▸ Dataset extract:
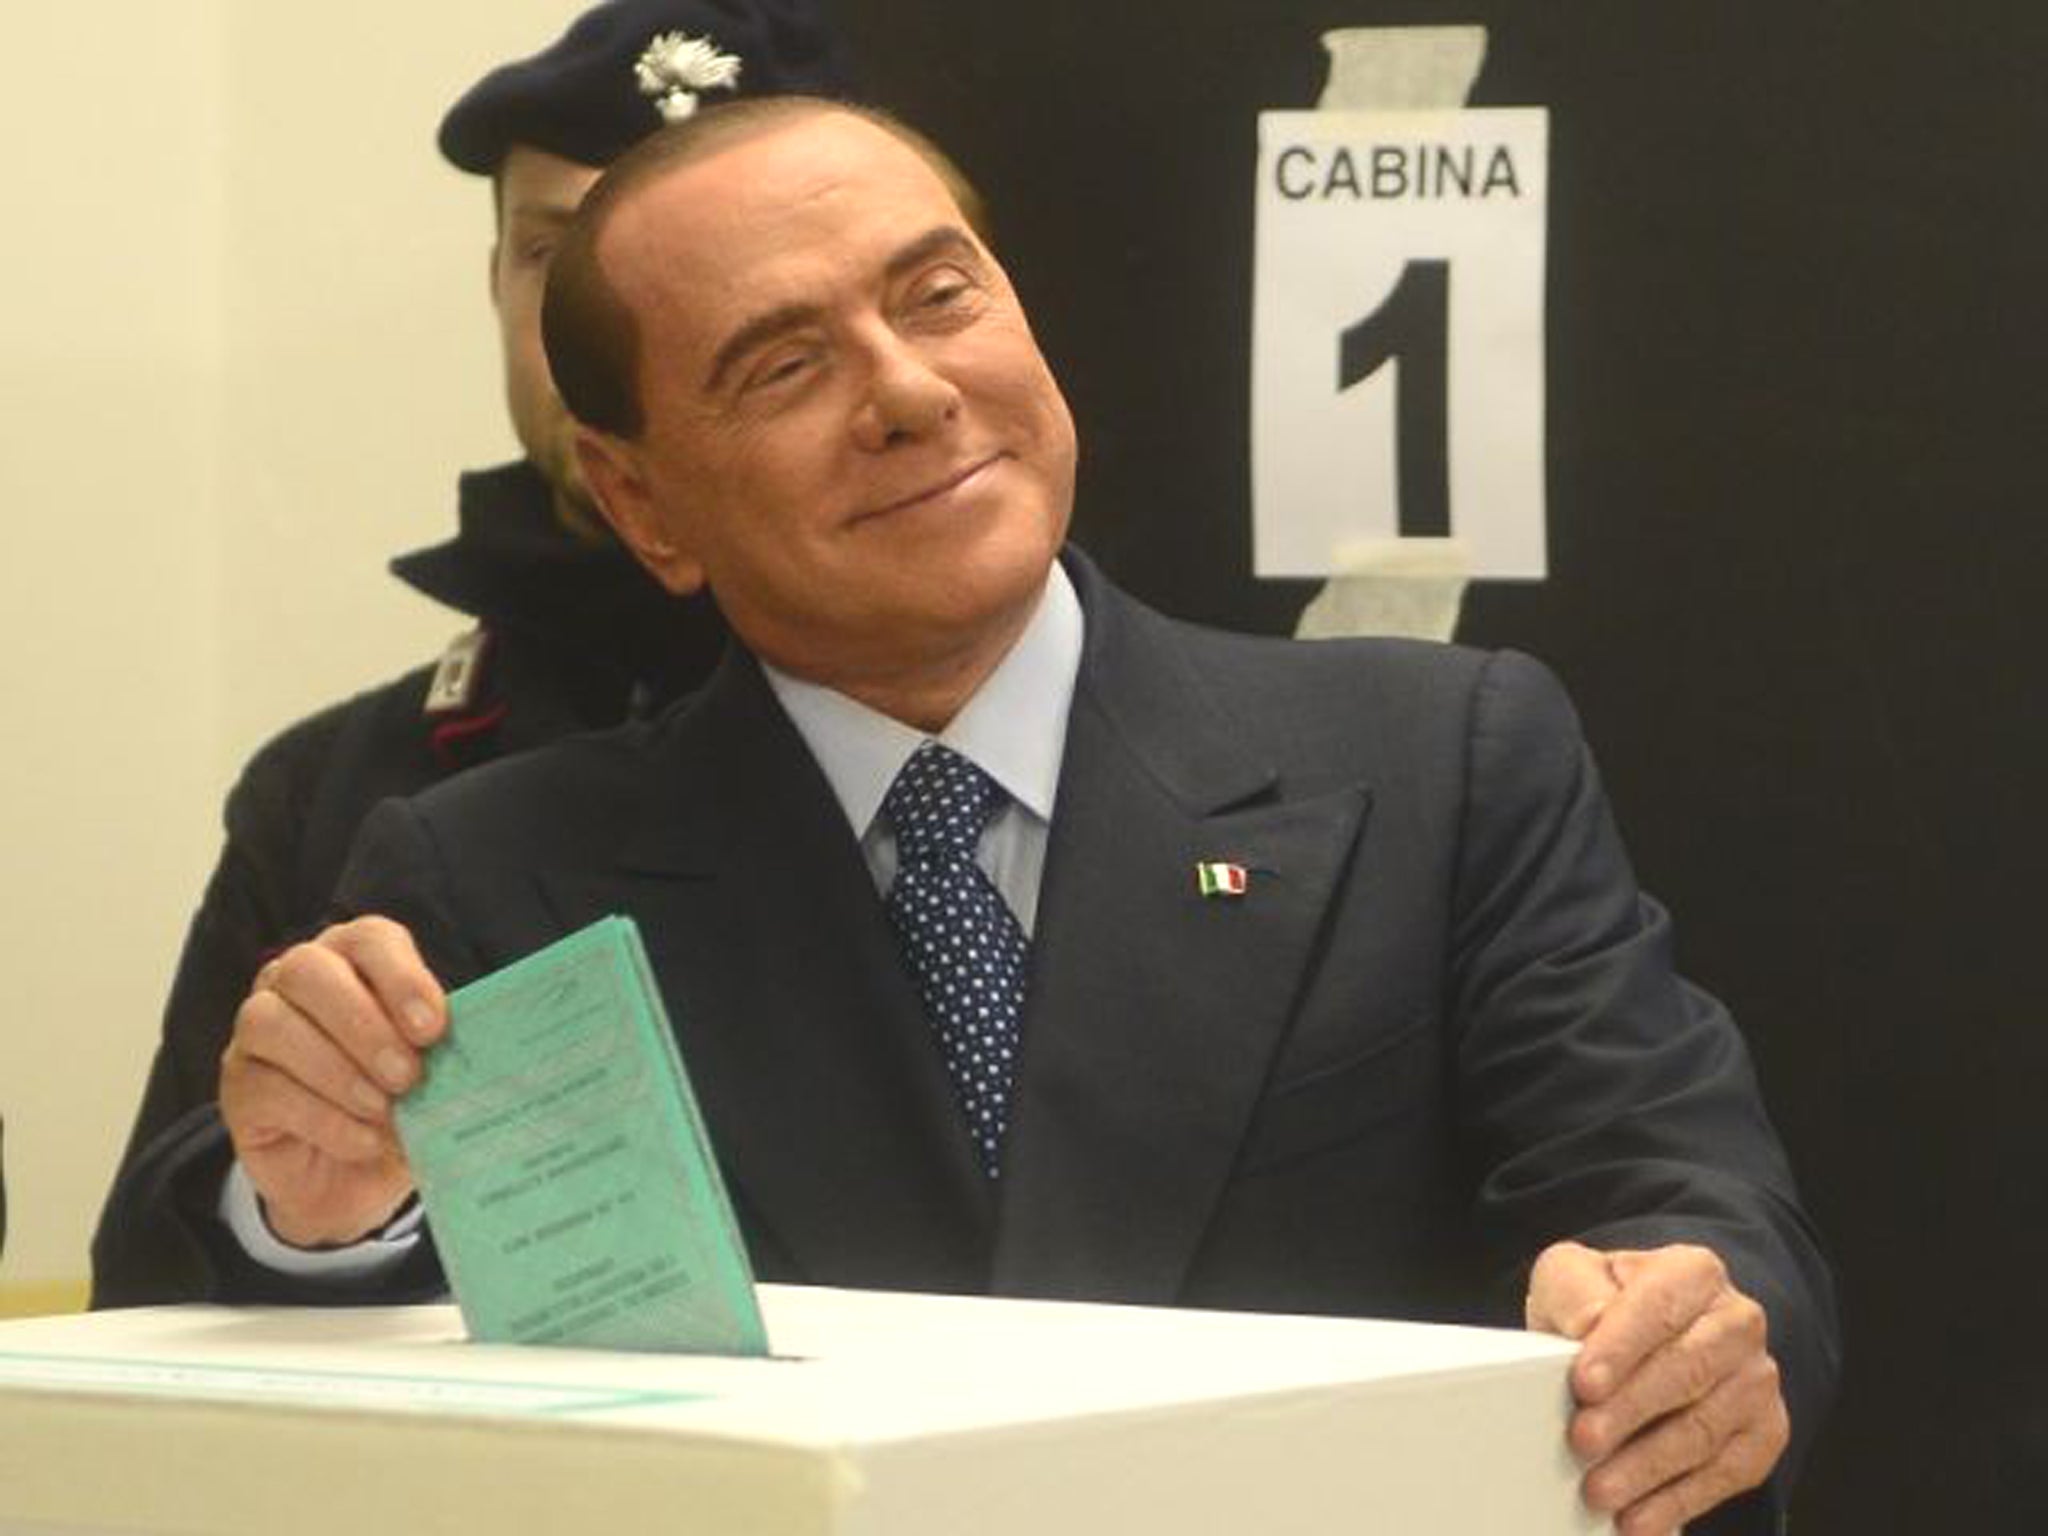 Italian former Prime Minister Silvio Berlusconi casts his ballot at a polling station
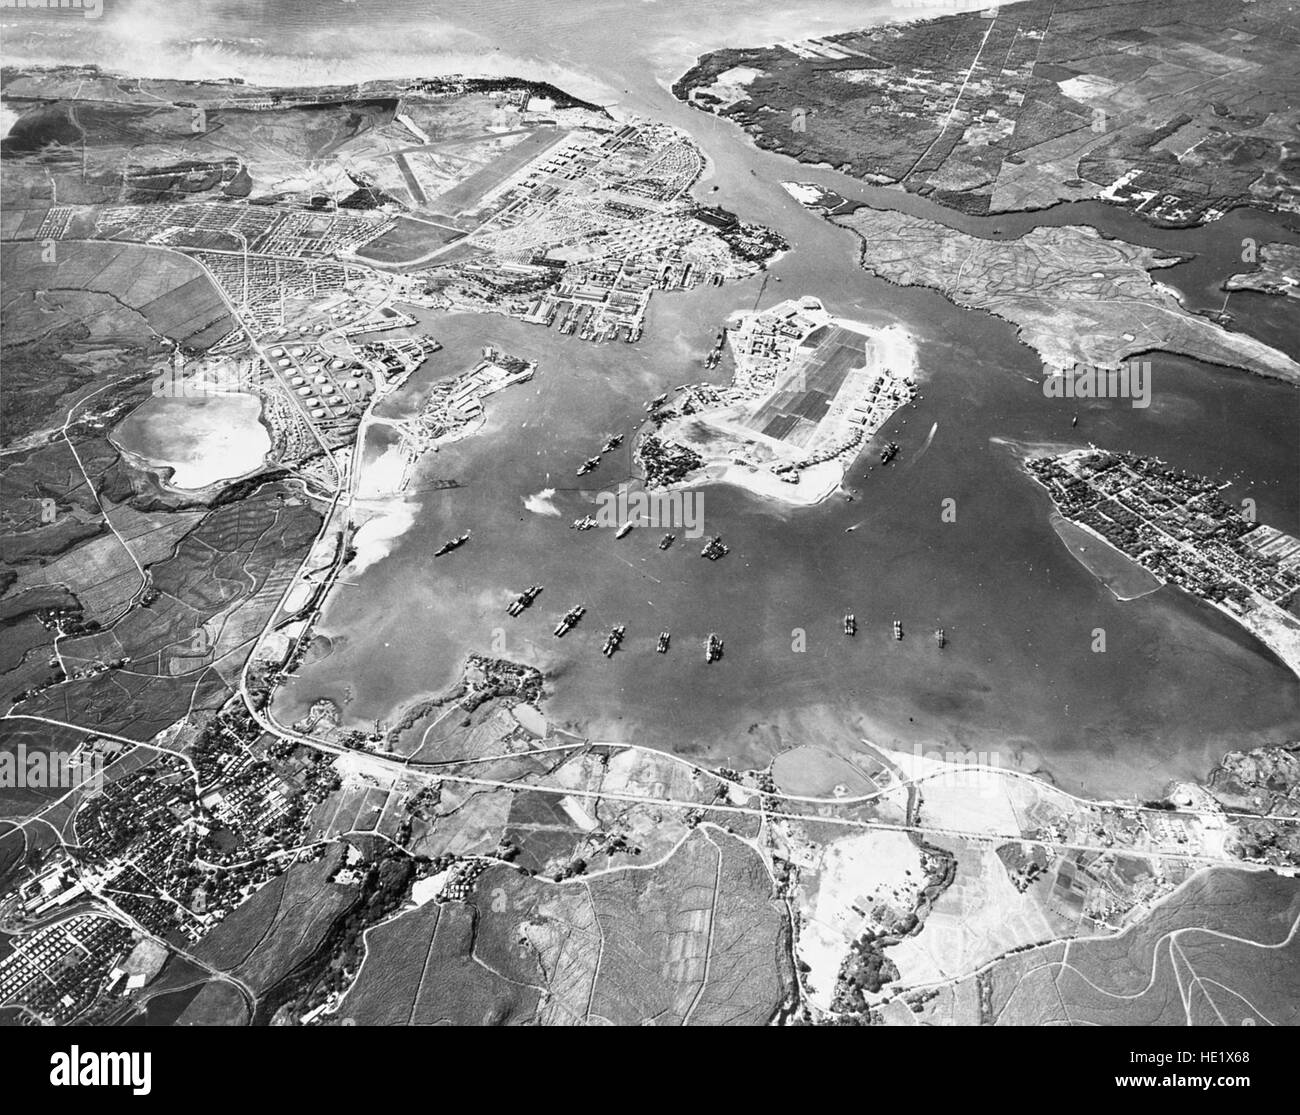 Aerial view of the U.S. Naval Operating Base, Pearl Harbor, Oahu, Hawaii USA, looking southwest on 30 October 1941. Ford Island Naval Air Station is in the center, with the Pearl Harbor Navy Yard just beyond it, across the channel. The airfield in the upper left-center is the U.S. Army's Hickam Field. Stock Photo
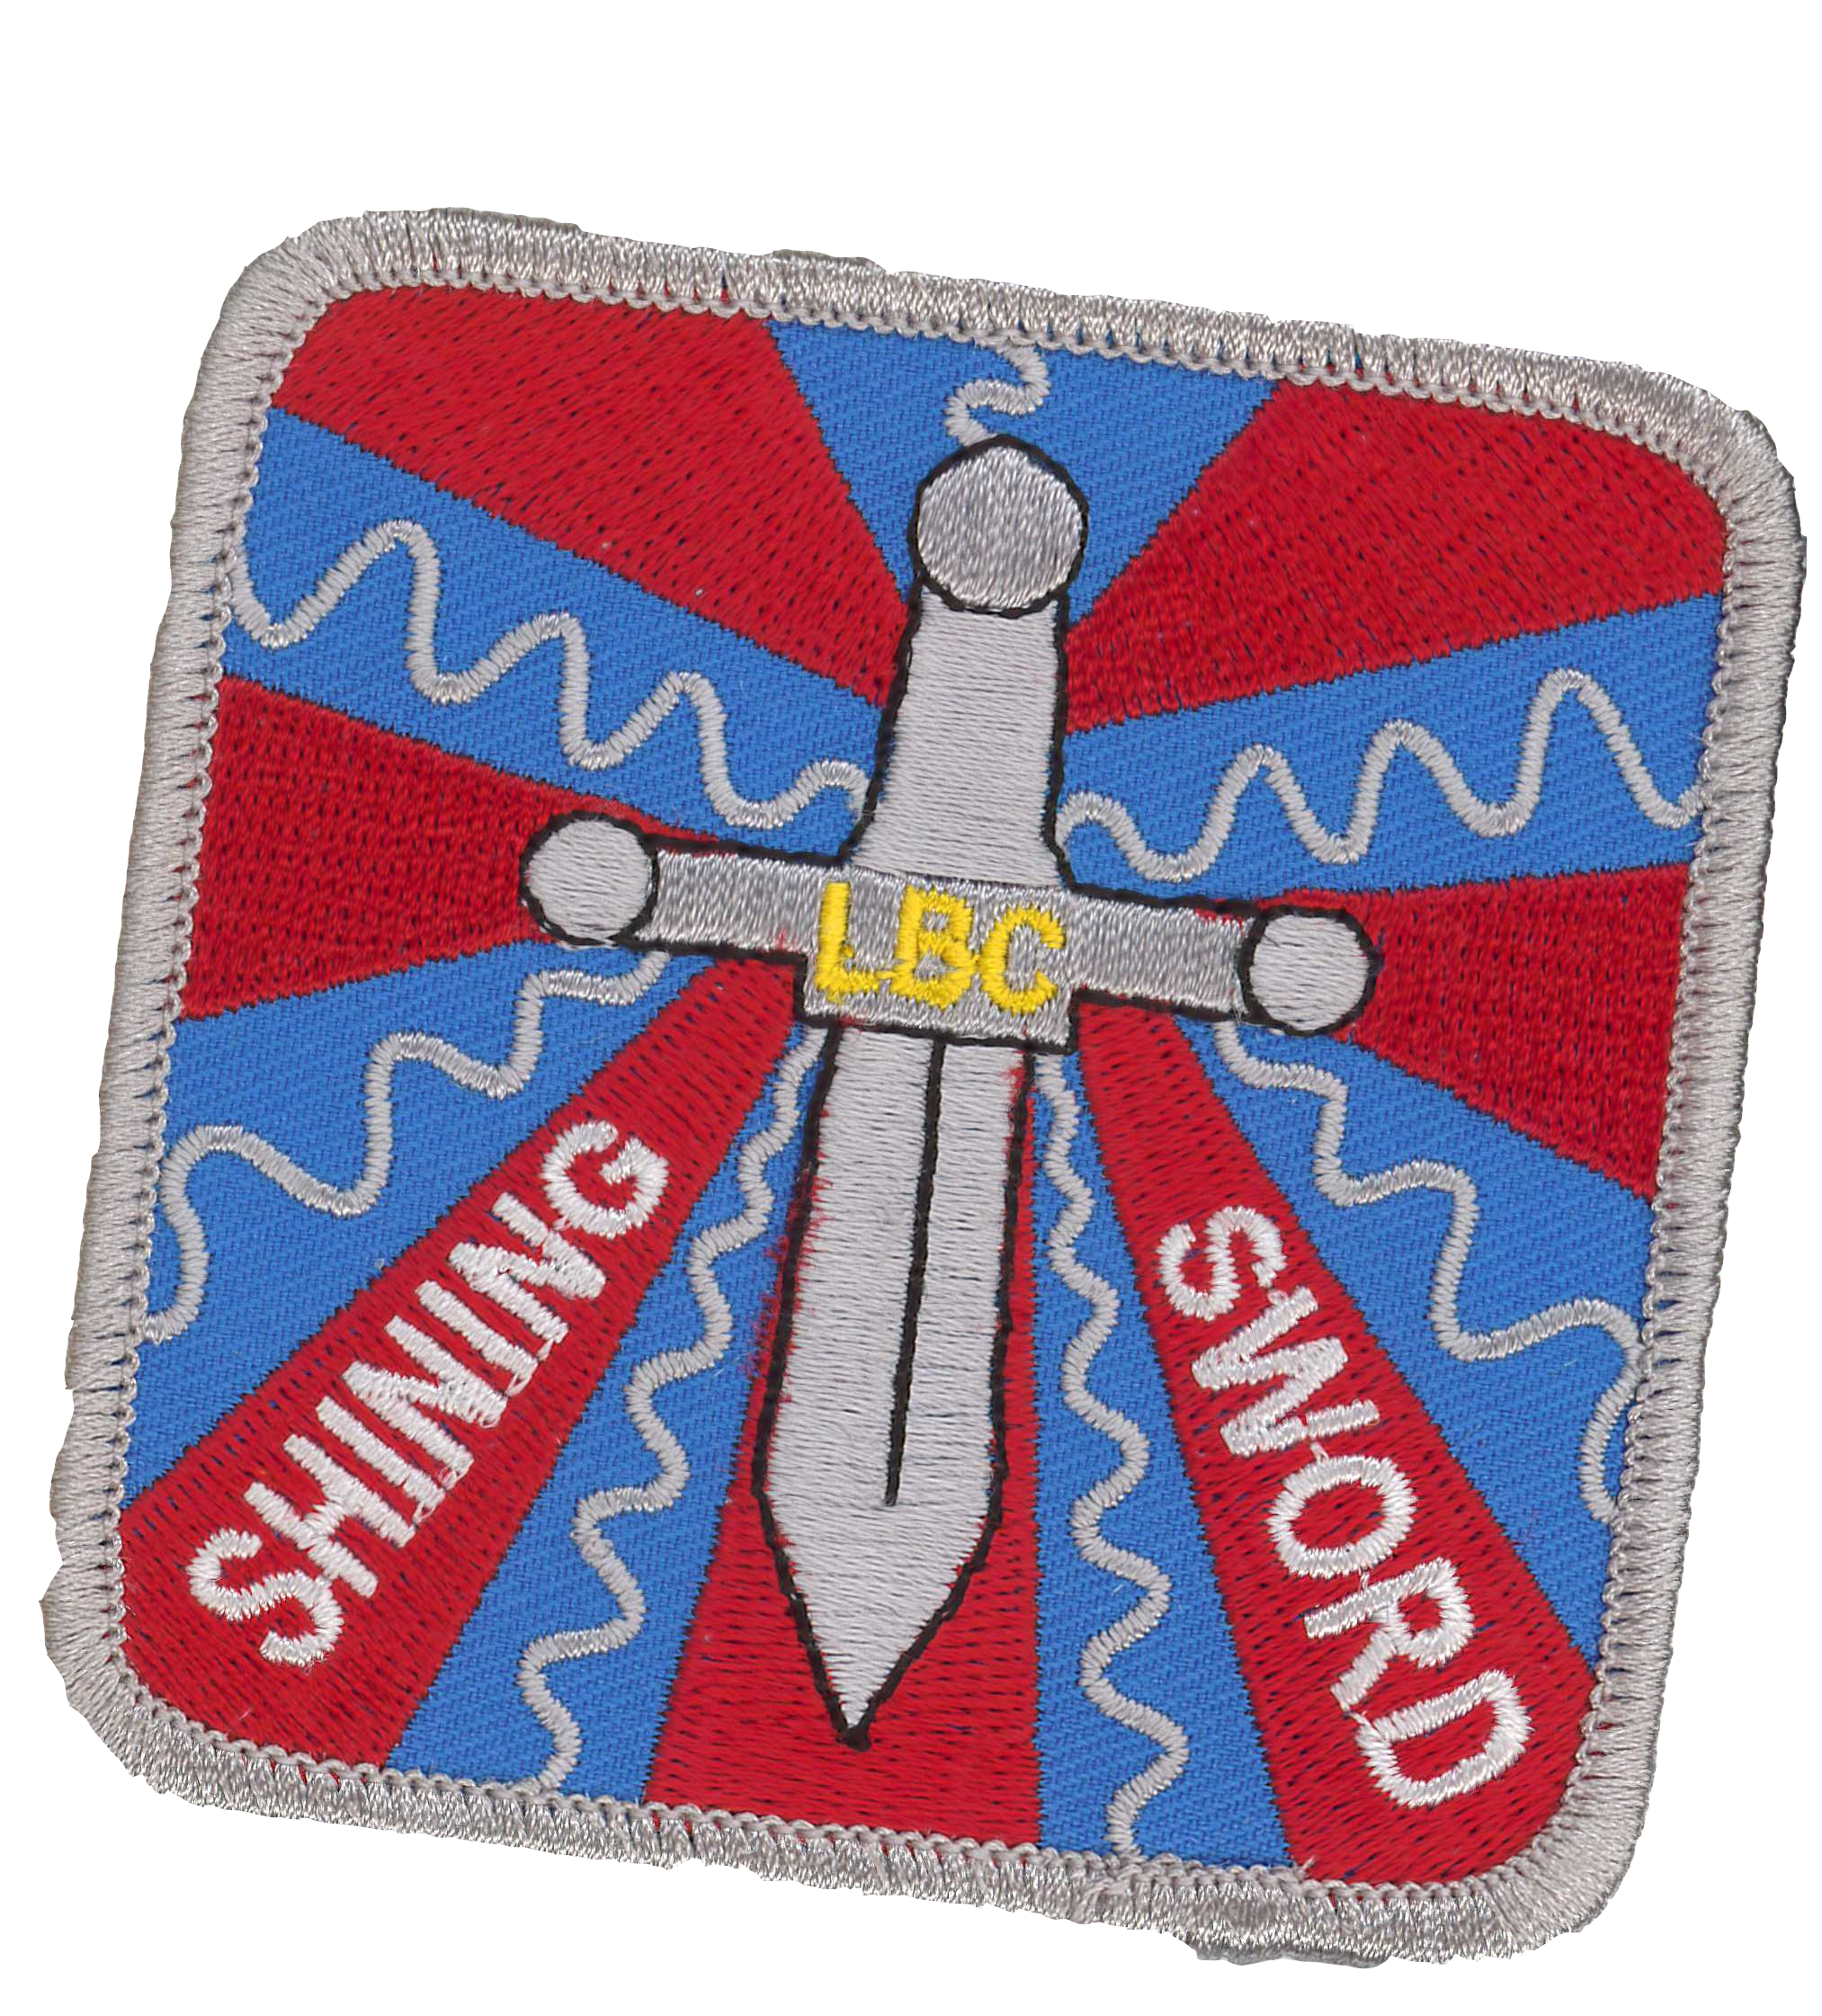 Silver Shining Sword Patch.png

▸ What to do:
Wording must stay exact. Give again the lines from the line with "Aerial view of" through the last line of the listing, both ends included, without pictures.

▸ Exercise result:
 Aerial view of the U.S. Naval Operating Base, Pearl Harbor, Oahu, Hawaii USA, looking southwest on 30 October 1941. Ford Island Naval Air Station is in the center, with the Pearl Harbor Navy Yard just beyond it, across the channel. The airfield in the upper left-center is the U.S. Army's Hickam Field. Stock Photo
 Silver Shining Sword Patch.png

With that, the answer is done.